[[ Data shown open ]]
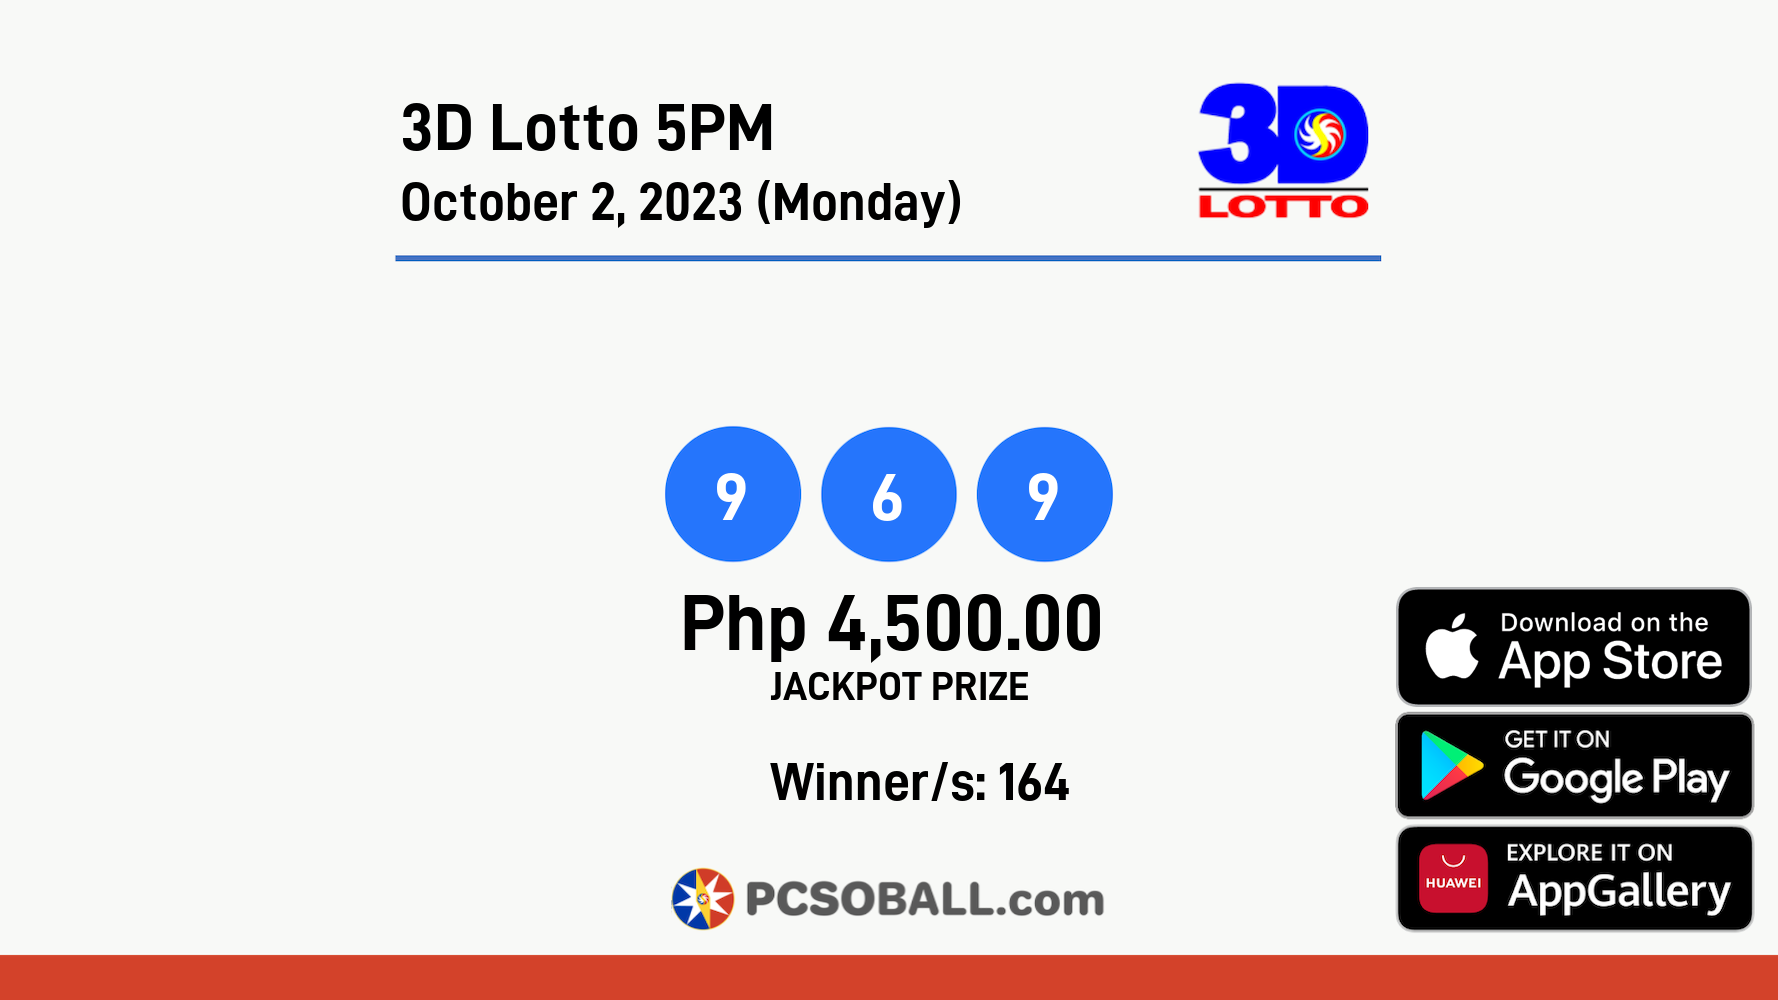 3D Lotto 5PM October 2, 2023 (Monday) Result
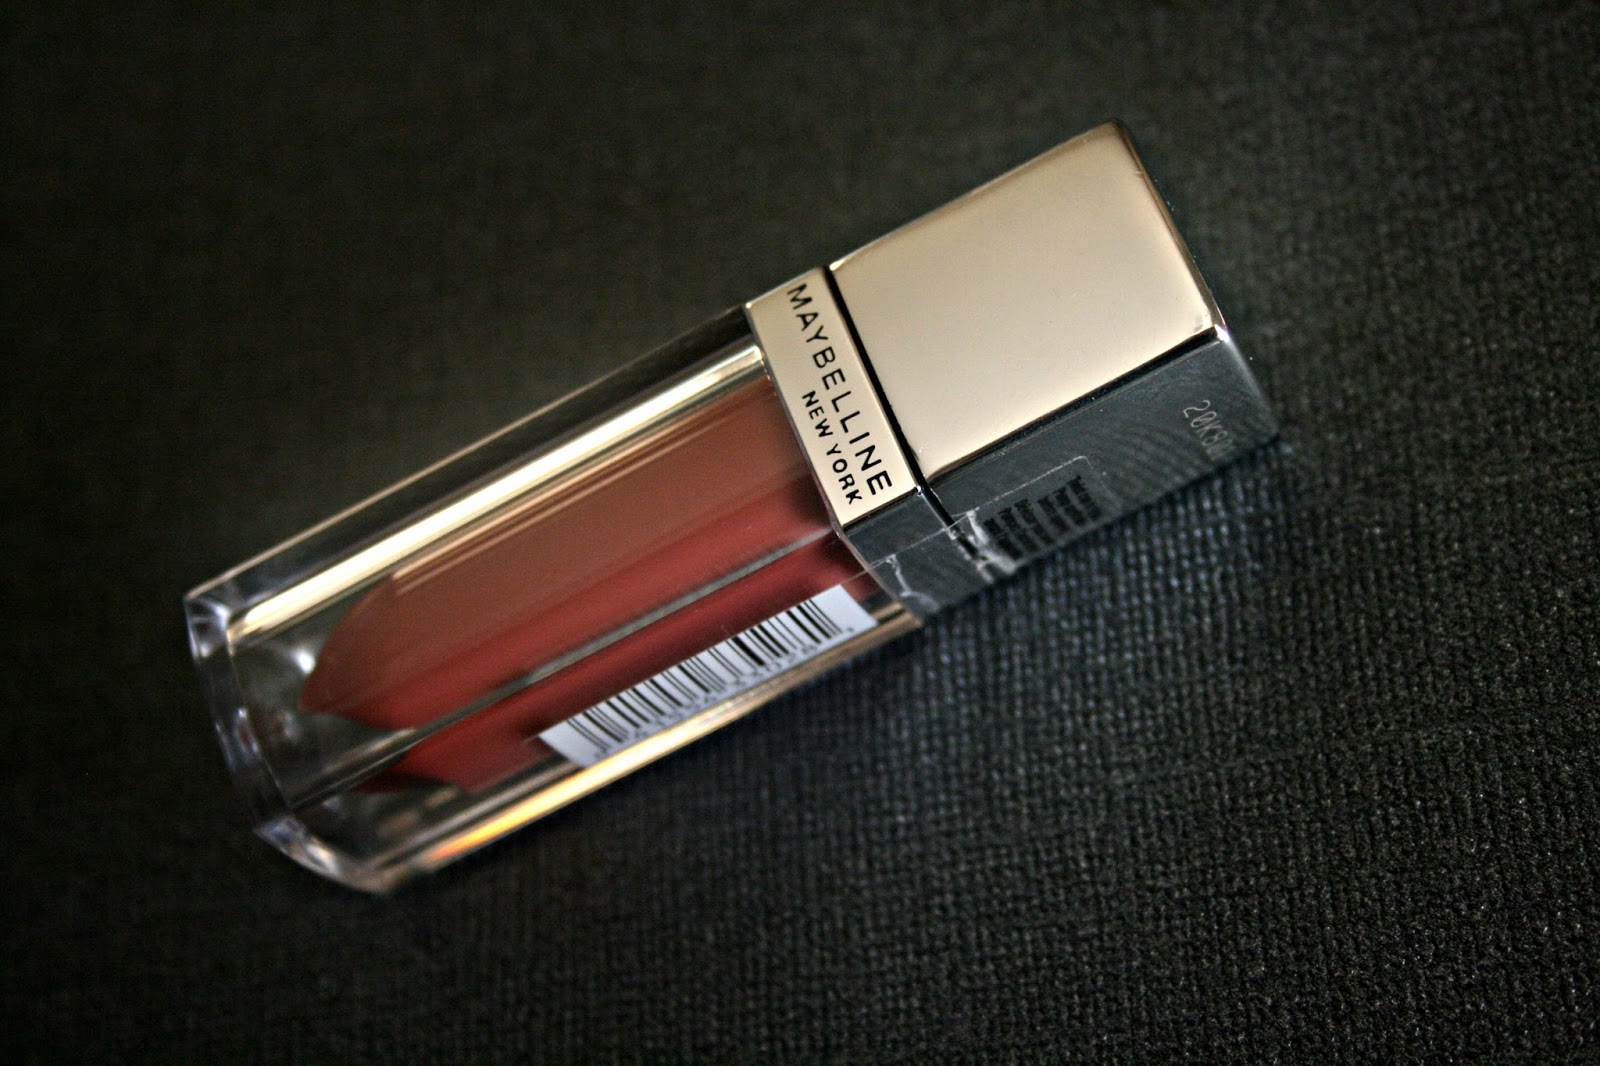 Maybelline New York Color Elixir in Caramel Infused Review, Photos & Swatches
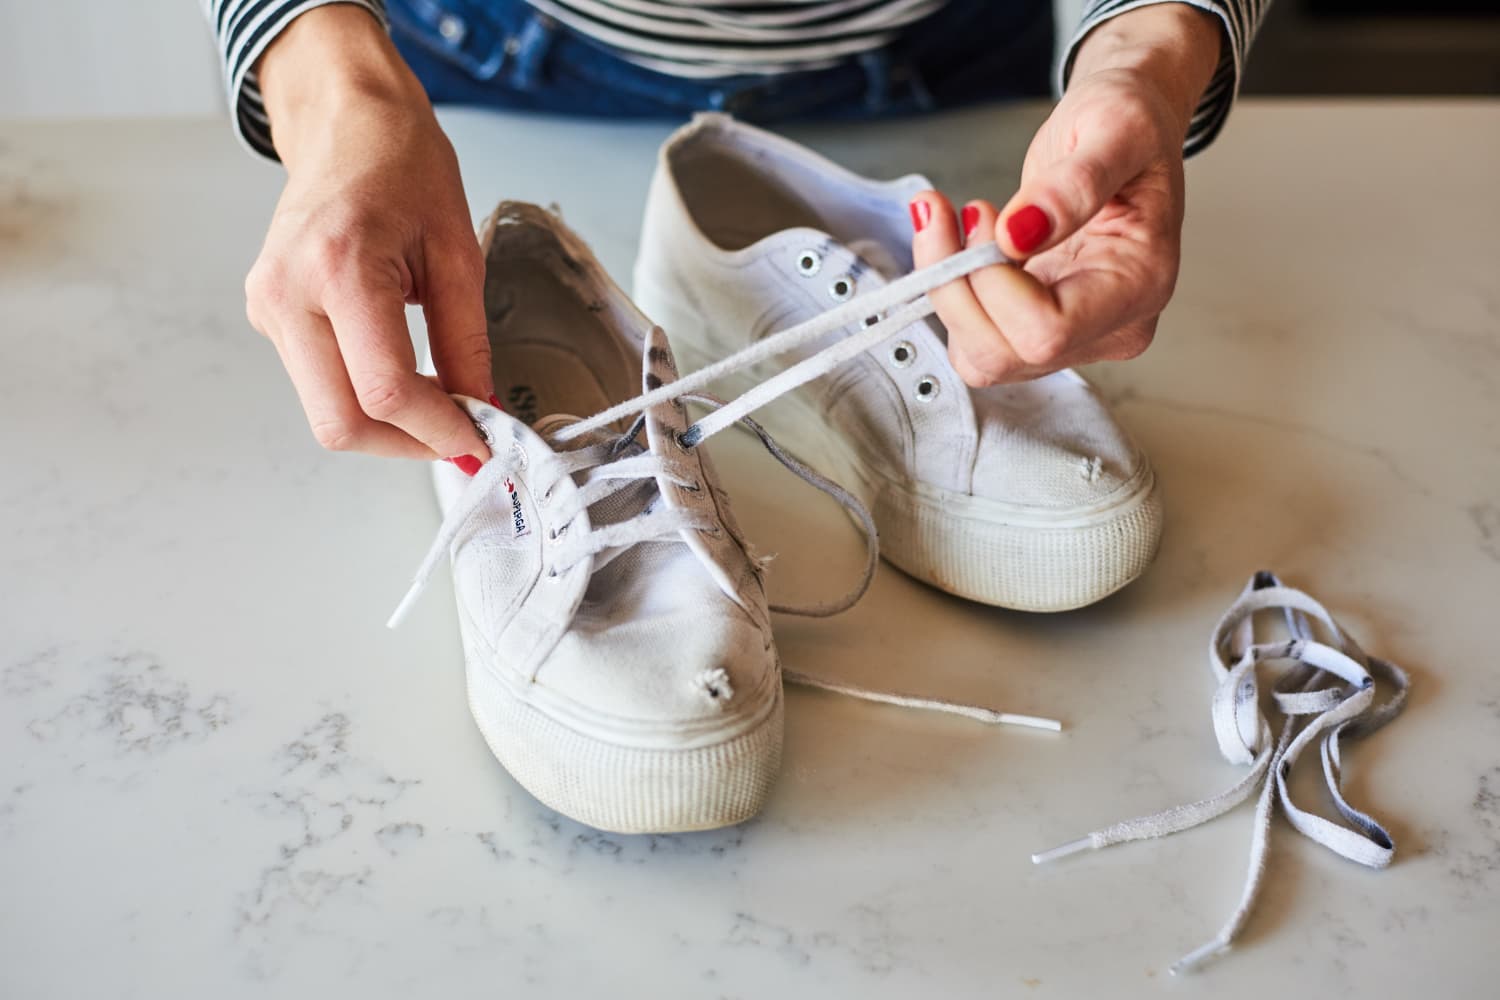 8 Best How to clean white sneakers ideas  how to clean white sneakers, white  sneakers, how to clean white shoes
[[ Data shown closed ]]
Repeat the lines above precisely and skip every picture.

Finished task:
 3D Lotto 5PM October 2, 2023 (Monday) Result
 Maybelline New York Color Elixir in Caramel Infused Review, Photos & Swatches
 8 Best How to clean white sneakers ideas  how to clean white sneakers, white  sneakers, how to clean white shoes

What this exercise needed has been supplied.